> Collected material

────────────────────

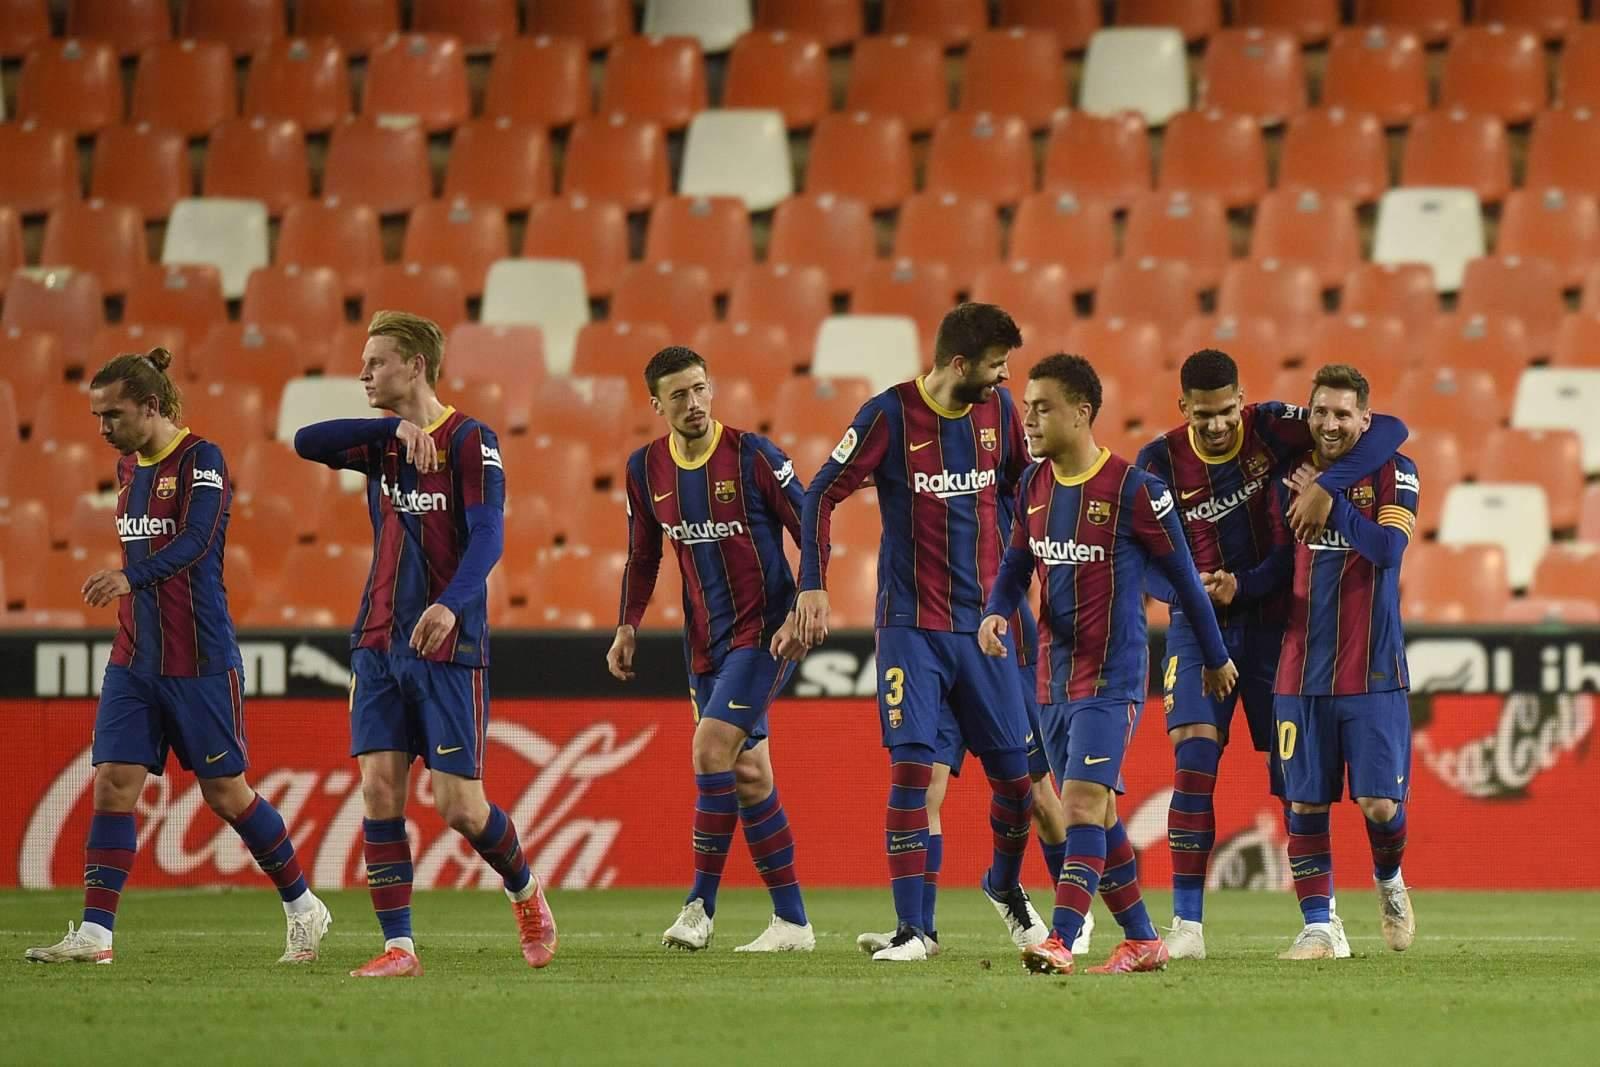 «Леванте» - «Барселона»: прямая трансляция, составы, онлайн - 2:3
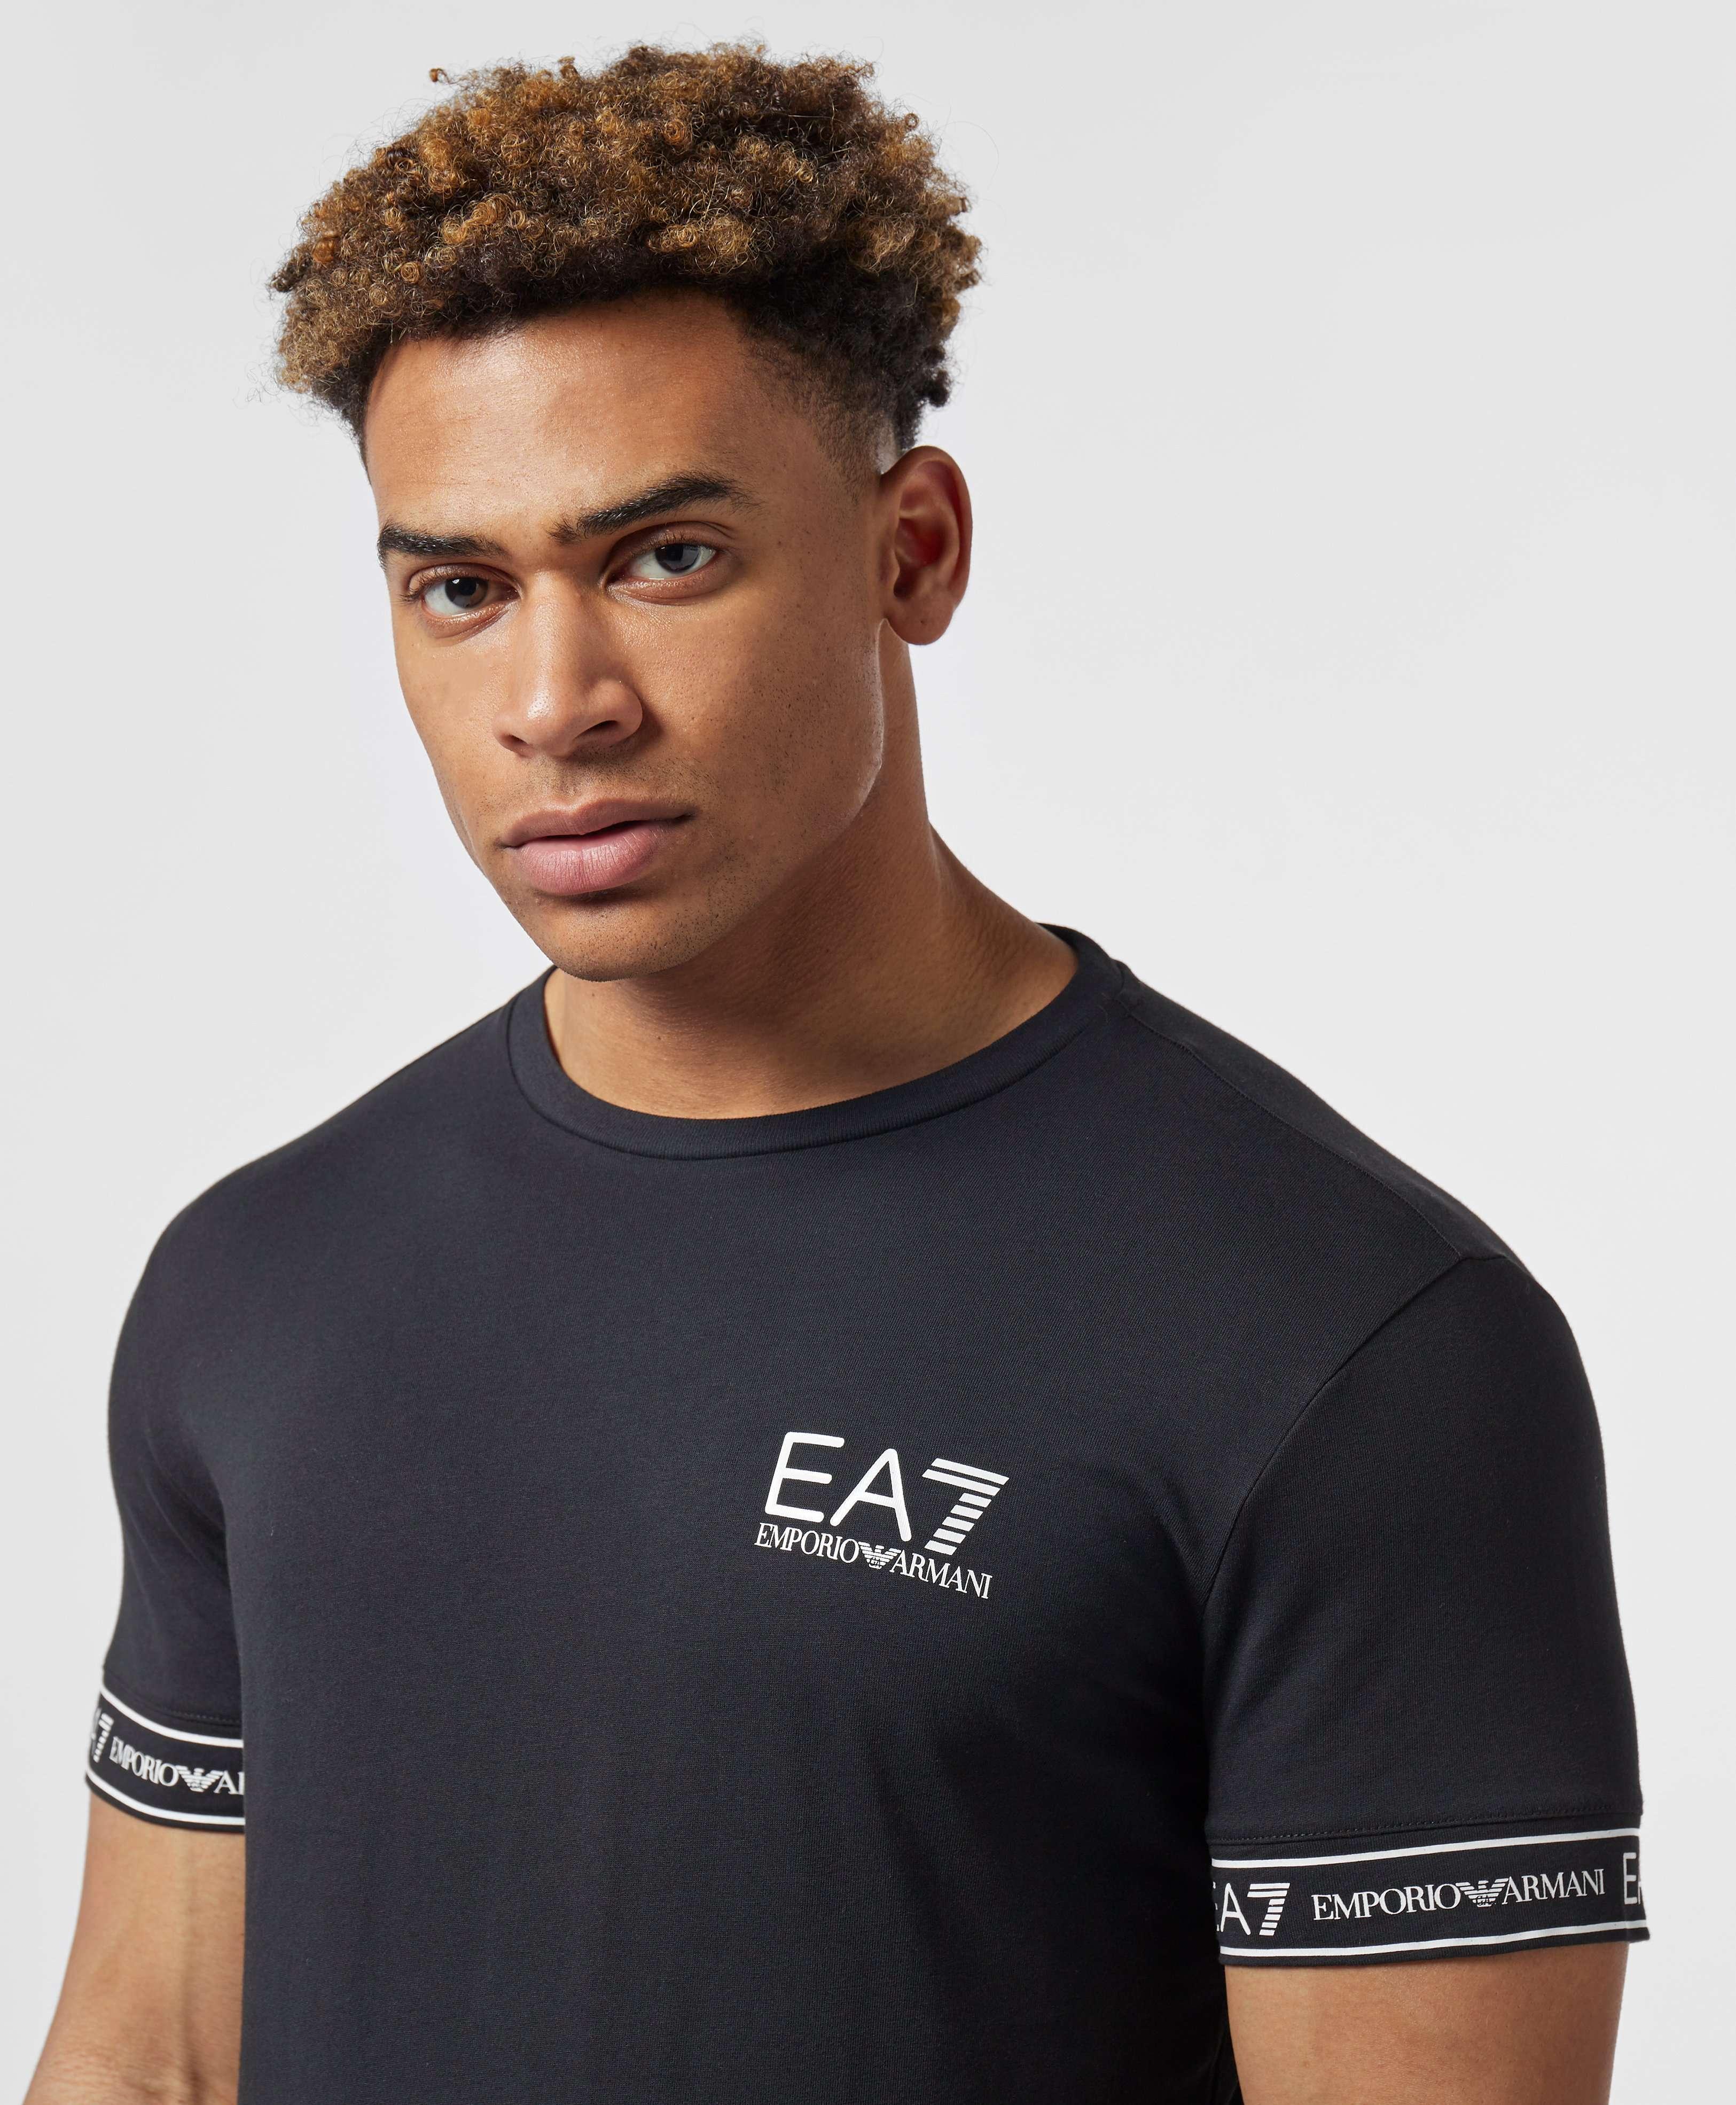 Emporio Armani EA7 Tape Cuff Short Sleeve T-Shirt
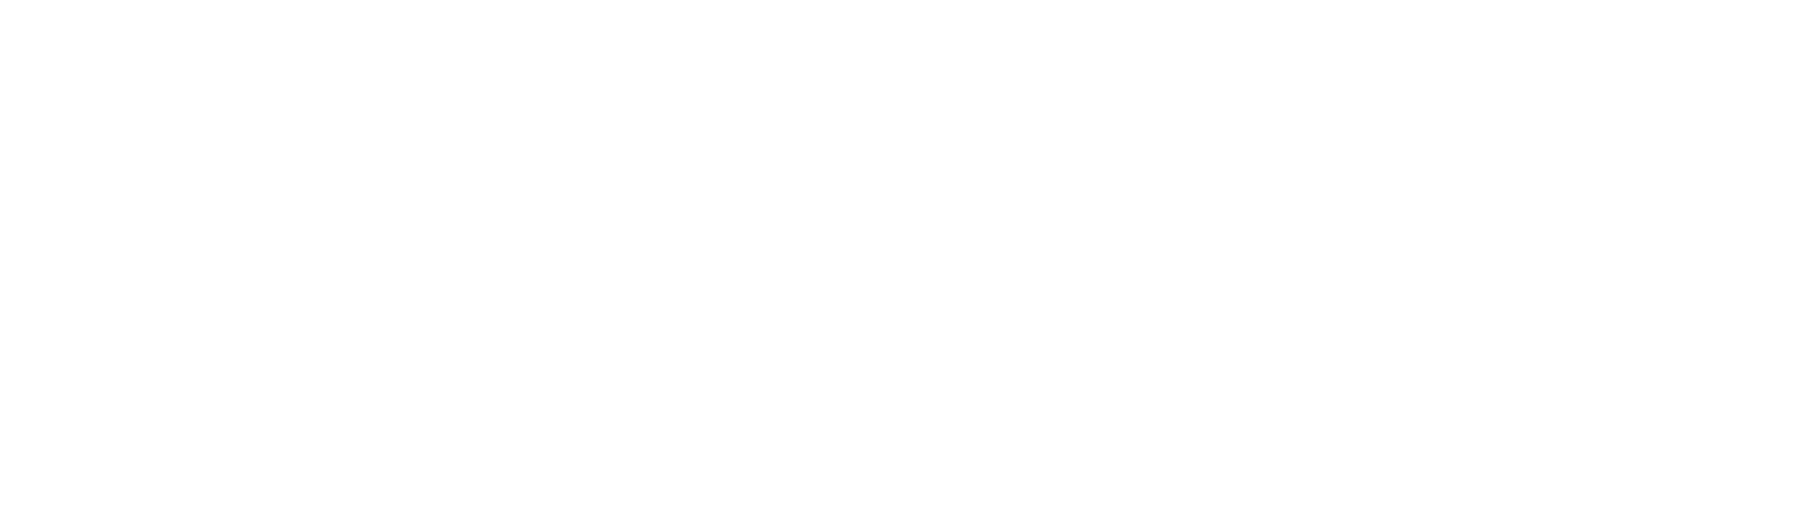 Pandora Vestibulares
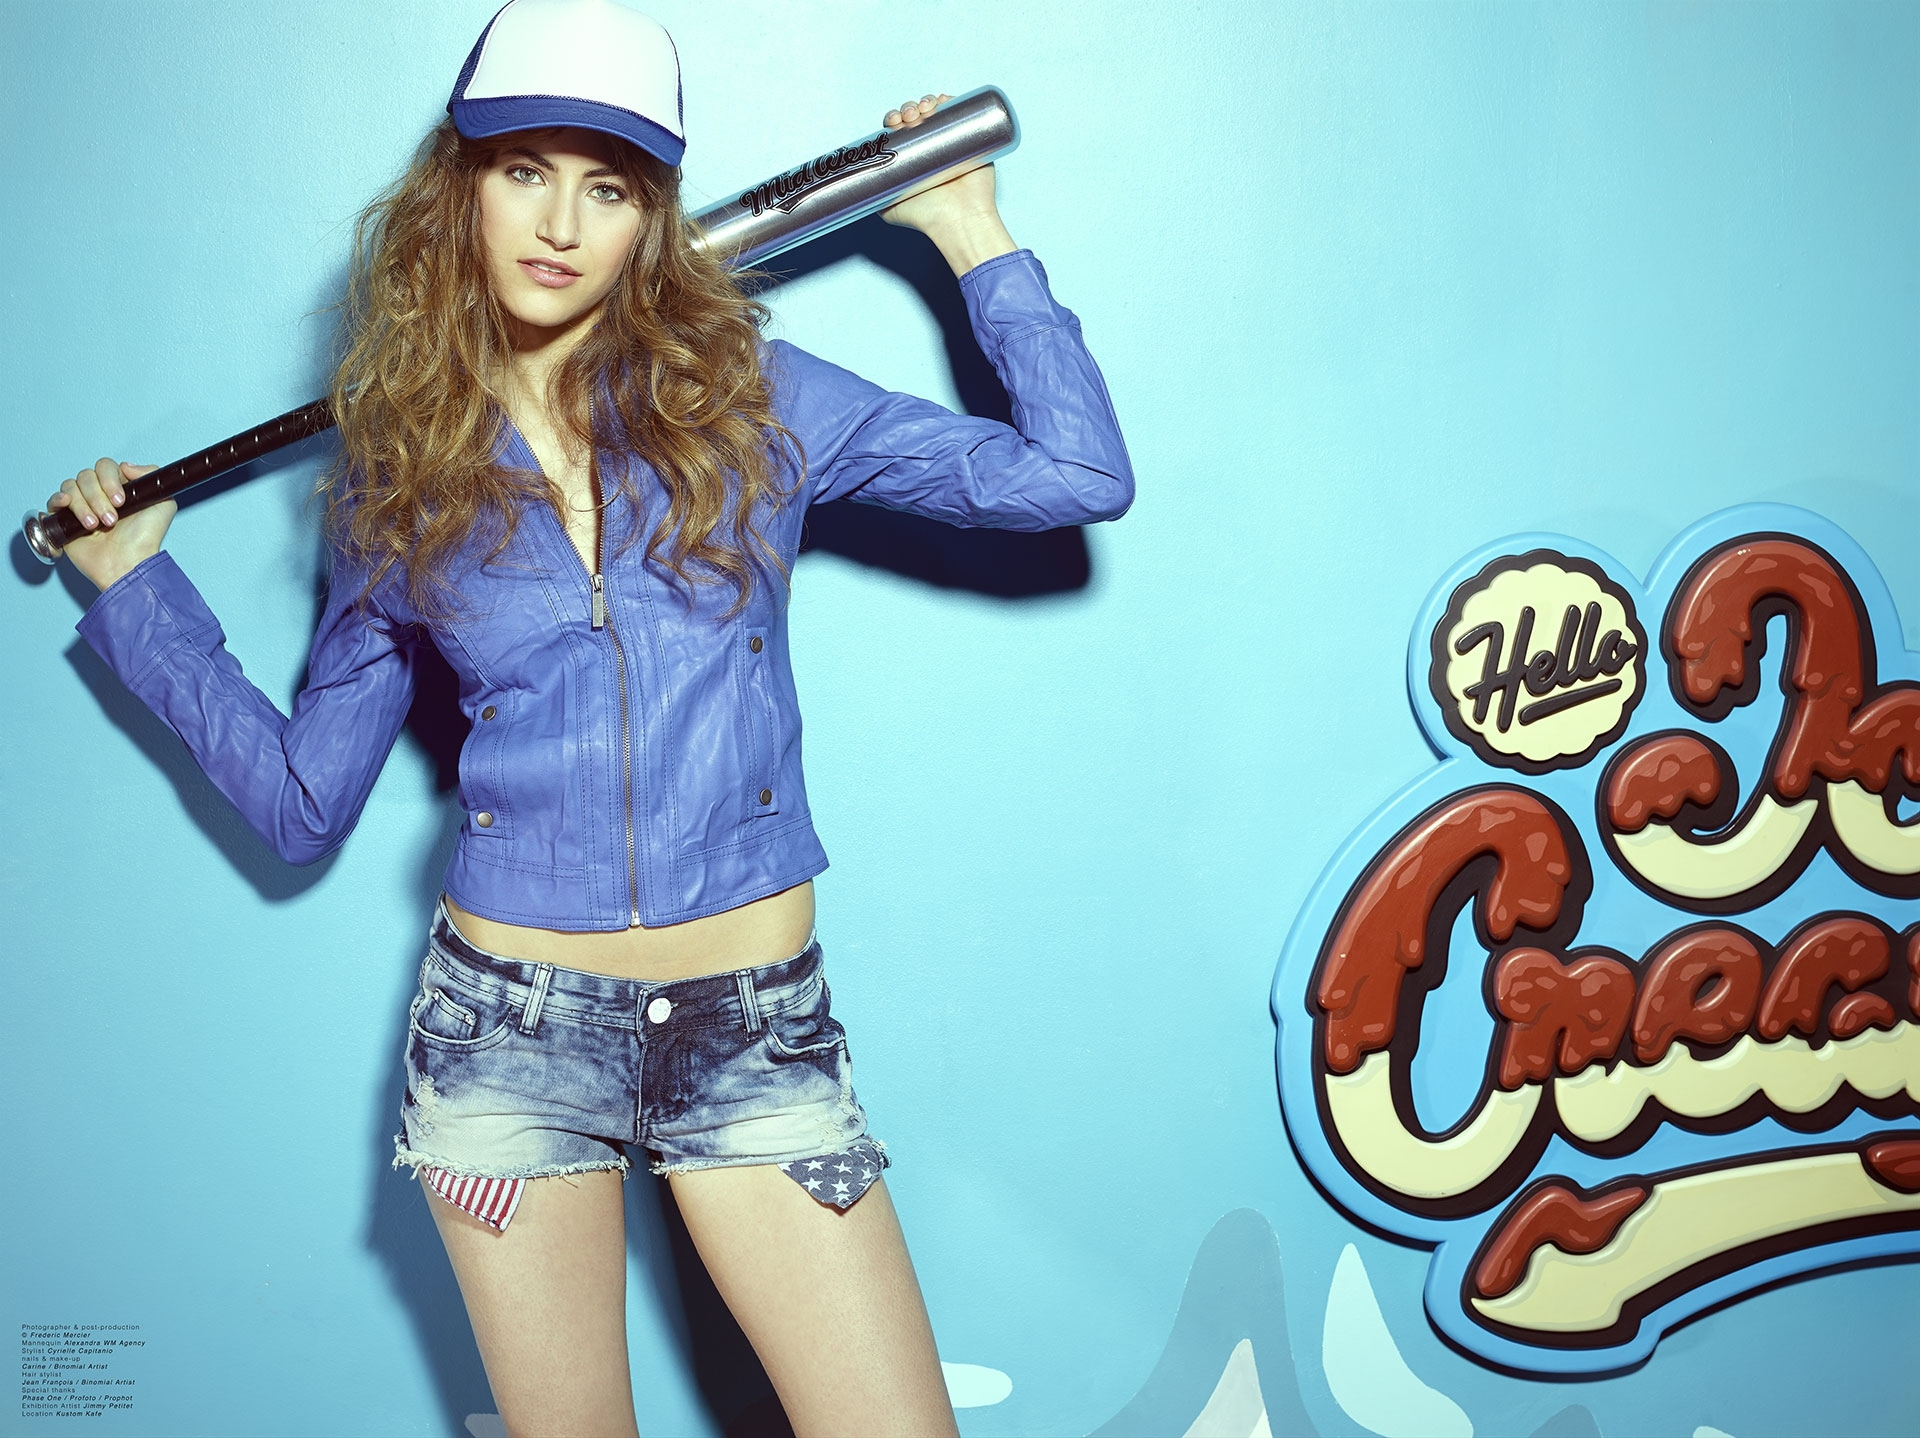 bar pub rock girl frederic mercier photographer edito lifestyle us american dream jean fashion one color

────────────────────

Print the listing again exactly as it appears, except for the pictures, which stay out.

> Finished exercise
 «Леванте» - «Барселона»: прямая трансляция, составы, онлайн - 2:3
 Emporio Armani EA7 Tape Cuff Short Sleeve T-Shirt
 Pandora Vestibulares
 bar pub rock girl frederic mercier photographer edito lifestyle us american dream jean fashion one color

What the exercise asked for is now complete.